Khoma
Martedì. Guardo dalla porta-finestra il cortile della scuola dove lavoro. Piove parecchio, e menomale direi. Una bella giornata mi avrebbe solo reso più nervoso, non potendomici rispecchiare oggi. La mia settimana, diversamente da quella dei più, comincia di martedì. Con calma. La stessa calma che mi fa arrivare sempre tardi a lezione, la stessa calma con cui entravo nell’acqua del mare, stando attento ad ogni minimo schizzo che m’avrebbe colto prima di immergermi, mentre gli altri affianco a me si tuffavano spavaldi. La stessa calma, estrema, con cui entro nei rapporti sentimentali. “Se c’è una cosa che so fare bene, in questa vita, è farmi aspettare. Fatti i conti, lo so fare talmente che bene che poi non arriverò.” (P. Sorrentino, Hanno tutti ragione).
“Se c’è una cosa che so fare bene, in questa vita, è farmi aspettare. Fatti i conti, lo so fare talmente che bene che poi non arriverò.”
All’inizio mi sentivo utile, ogni minimo progresso era una gioia per me: riportarlo in classe con i compagni, riuscire a farlo separare – anche se solo per pochi attimi – dalle penne da cui è ossessionato. Anche solo semplicemente vederlo sorridere tranquillo era un gran progresso per me. Chiaramente più si migliora e più ci si avvicina al limite, un limite purtroppo dettato da una patologia. Così le giornate hanno cominciato ad essere sempre più uguali tra loro: la lezione di matematica alla prima ora, il chiacchiericcio dei colleghi, il suo sguardo perso nel vuoto. Chissà cosa sta pensando.
Mi ci specchio in quello sguardo, in quel volgere gli occhi da qualche parte per il solo fatto di averli, degli occhi. E invece lo sguardo della mente è altrove, è dentro di essa. La scruta, la studia, cerca di capirne il senso, di far luce sulle ombre. Niente, come concentrarsi su ogni singolo pixel di un’immagine senza però riuscire a vederla nella sua interezza. E non è colpa di un lavoro che sta diventando noioso. Forse ha più a che fare con la mia stanza sempre in disordine, con l’ultimo boccone che lascio sempre nel piatto, con il tollerare sempre meno tutto il casino che fate e che mi disturba i pensieri, sì, voi, che avete sempre qualcosa da dire e non comunicate mai niente. Esibizionisti.

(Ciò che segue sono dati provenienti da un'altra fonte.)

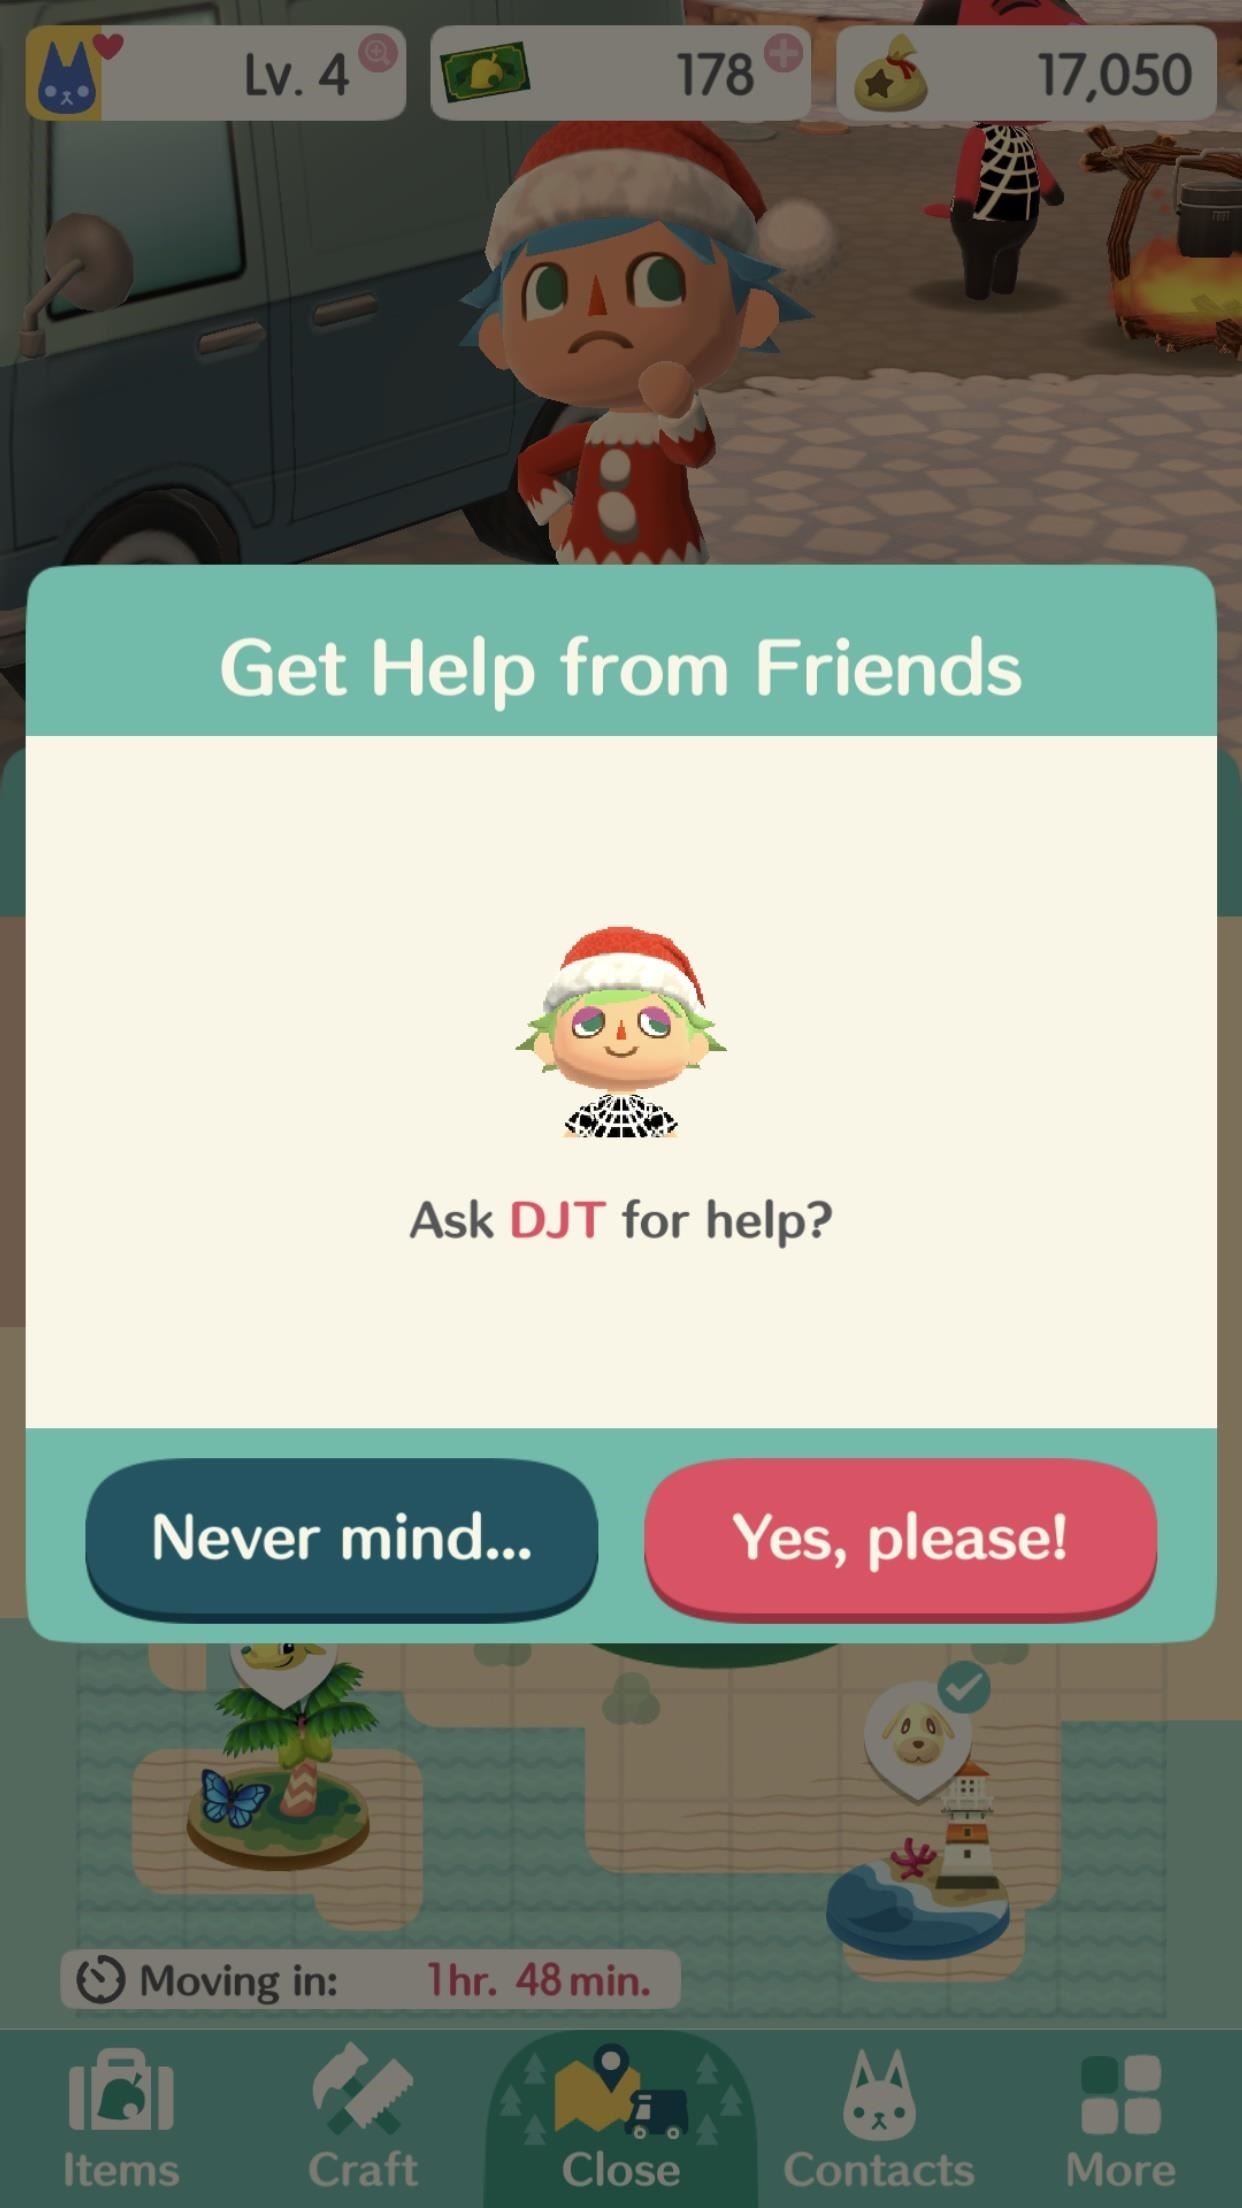 Pocket Camp 101: Making the Most of Other Players in Animal Crossing

Forse ha a che fare col mio bisogno di qualcosa che contenga il caos che ho dentro, di un piacere che duri più di un momento, di qualcosa che non mi costringa ogni giorno a indurmi quell’intorpidimento dei sensi che mi fa sentire come se fossi in coma, pur di non sentire i discorsi che vorrebbero farmi credere che questa è vita e io sono vivo. Io non sono né vivo né morto. Sono una via di mezzo. Fermo al centro di una scala di grigi, incerto sulla direzione da prendere. In balia dei venti e del loro soffiare. Spero, un giorno, nella direzione giusta.
“Per farti un esempio, sappi che io ho la necessità di vedere il cielo intero, di sentire tutte quante le direzioni del vento, di poter aprire la porta e raggiungere un bosco di notte quelle poche volte in cui faccio fatica a prender sonno. Ho bisogno di vedere i flussi di acqua corrente, di ricordarmi che sono piccolo così anche i miei problemi sono piccoli e risolvibili, così non devo a tutti i costi lanciare accuse a me o ad altri, perdere tempi con le colpe o i meriti.”